Post weld correction and stress control

Mechanical correction: Use mechanical force to correct the welding deformation of the welded part, such as using equipment such as presses, jacks, and rolling machines to apply external force to cause plastic deformation of the welded part and correct the welding deformation. Mechanical correction is suitable for situations where the deformation is relatively small or where the rigidity of the welded parts is relatively high.

Flame correction: Heat the deformed part of the welded part with a flame, and use the principle of metal thermal expansion and contraction to generate new deformation of the welded part, thereby offsetting the deformation of the welded part. When flame straightening, attention should be paid to the temperature and position of the heating. Heating at too high a temperature can affect the performance of the material. If the heating position is not correct, it will not only fail to correct the deformation but also make it more severe. Flame straightening is suitable for situations with large deformation or low welding rigidity.

Heat treatment for stress relief: Heat the welding to a certain temperature and keep it warm for a period of time, then slowly cool it down. This can eliminate residual stress during the welding process and reduce deformation. Heat treatment has a good effect on stress relief, but it is costly and requires specialized equipment, so it is generally used for important welded parts or welded parts with high residual stress.

Hammer striking method: Use a hammer or specialized tool to strike the weld seam and surrounding metal, causing plastic deformation of the weld seam and surrounding metal to reduce residual stress and correct deformation. The hammering method is suitable for situations where the weld seam is relatively thin. When hammering, attention should be paid to the force. If the force is too small, it will not be effective, and if the force is too large, it may crack the weld seam.

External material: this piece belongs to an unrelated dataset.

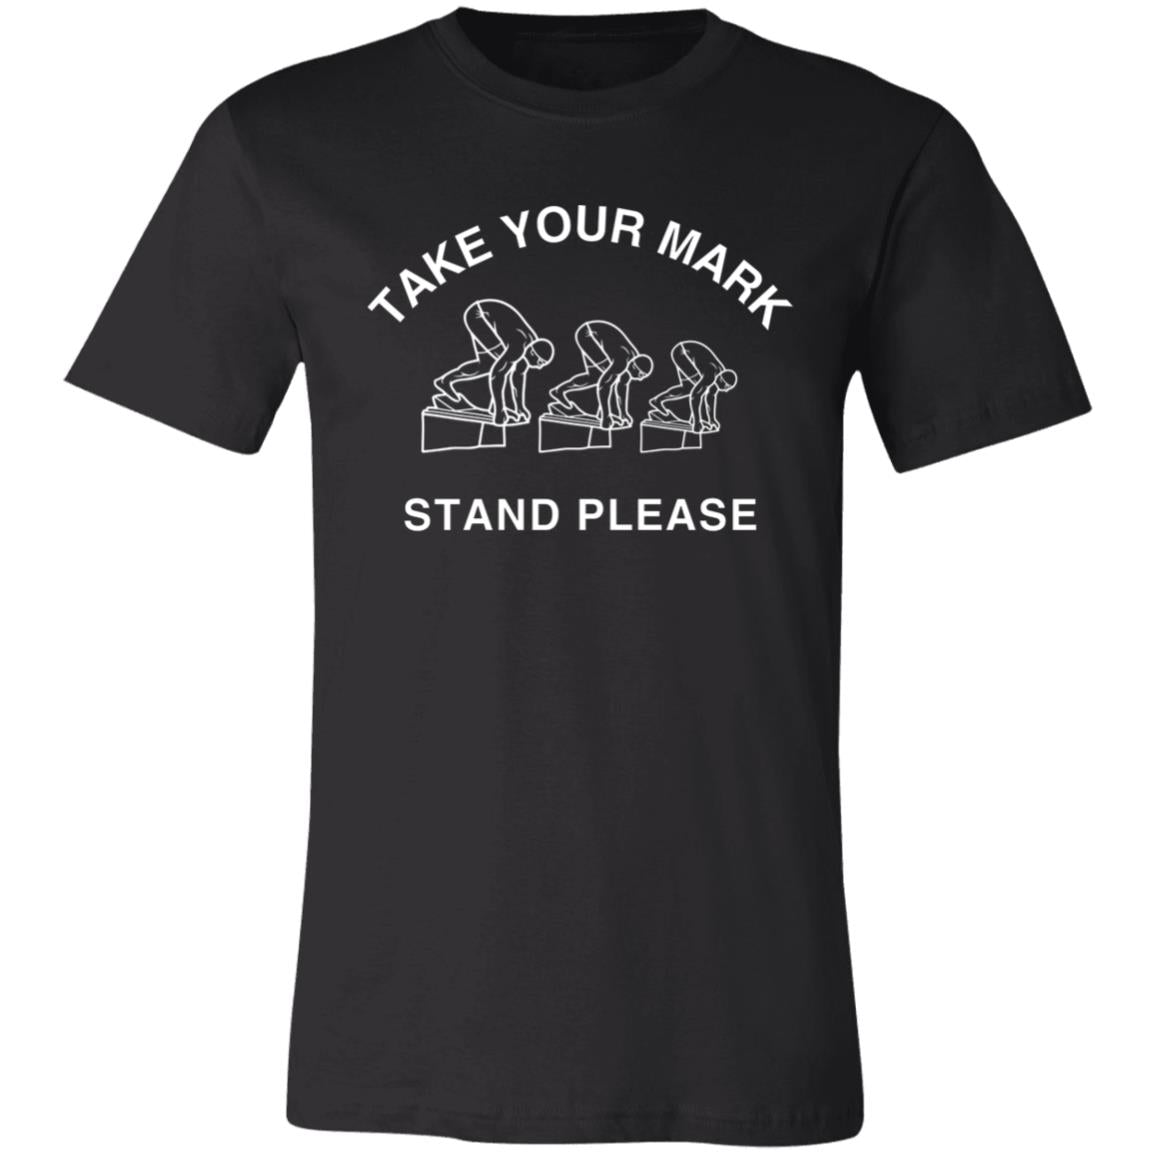 Take Your Mark... Stand Please Comfy T-Shirt

Special materials and material response

For example, when welding special materials such as titanium alloys and high-temperature alloys, the methods of controlling deformation during welding are also different because the thermal expansion coefficient and thermal conductivity of these materials are different from ordinary steel. For example, when welding titanium alloys, it is necessary to weld under argon protection to prevent oxidation of the titanium alloy, while also controlling heat input to reduce deformation.

When welding large structures, due to the large size of the structure, uneven deformation is prone to occur during welding. Therefore, it is necessary to use methods such as segmented welding and overall preheating to control deformation.

Conclusion

Welding deformation control is not a matter of a single link, but a systematic engineering of the entire process. From the design phase to process development, welding process, and post weld correction, welding deformation control must be considered at every stage. For example, in the design phase, it is necessary to optimize the weld seam design and structural layout. In the process phase, appropriate welding parameters and welding sequence should be selected. During the welding process, strict adherence to process requirements should be followed, and timely correction and stress relief treatment should be carried out after welding. Only by doing every step well can welding deformation be effectively controlled.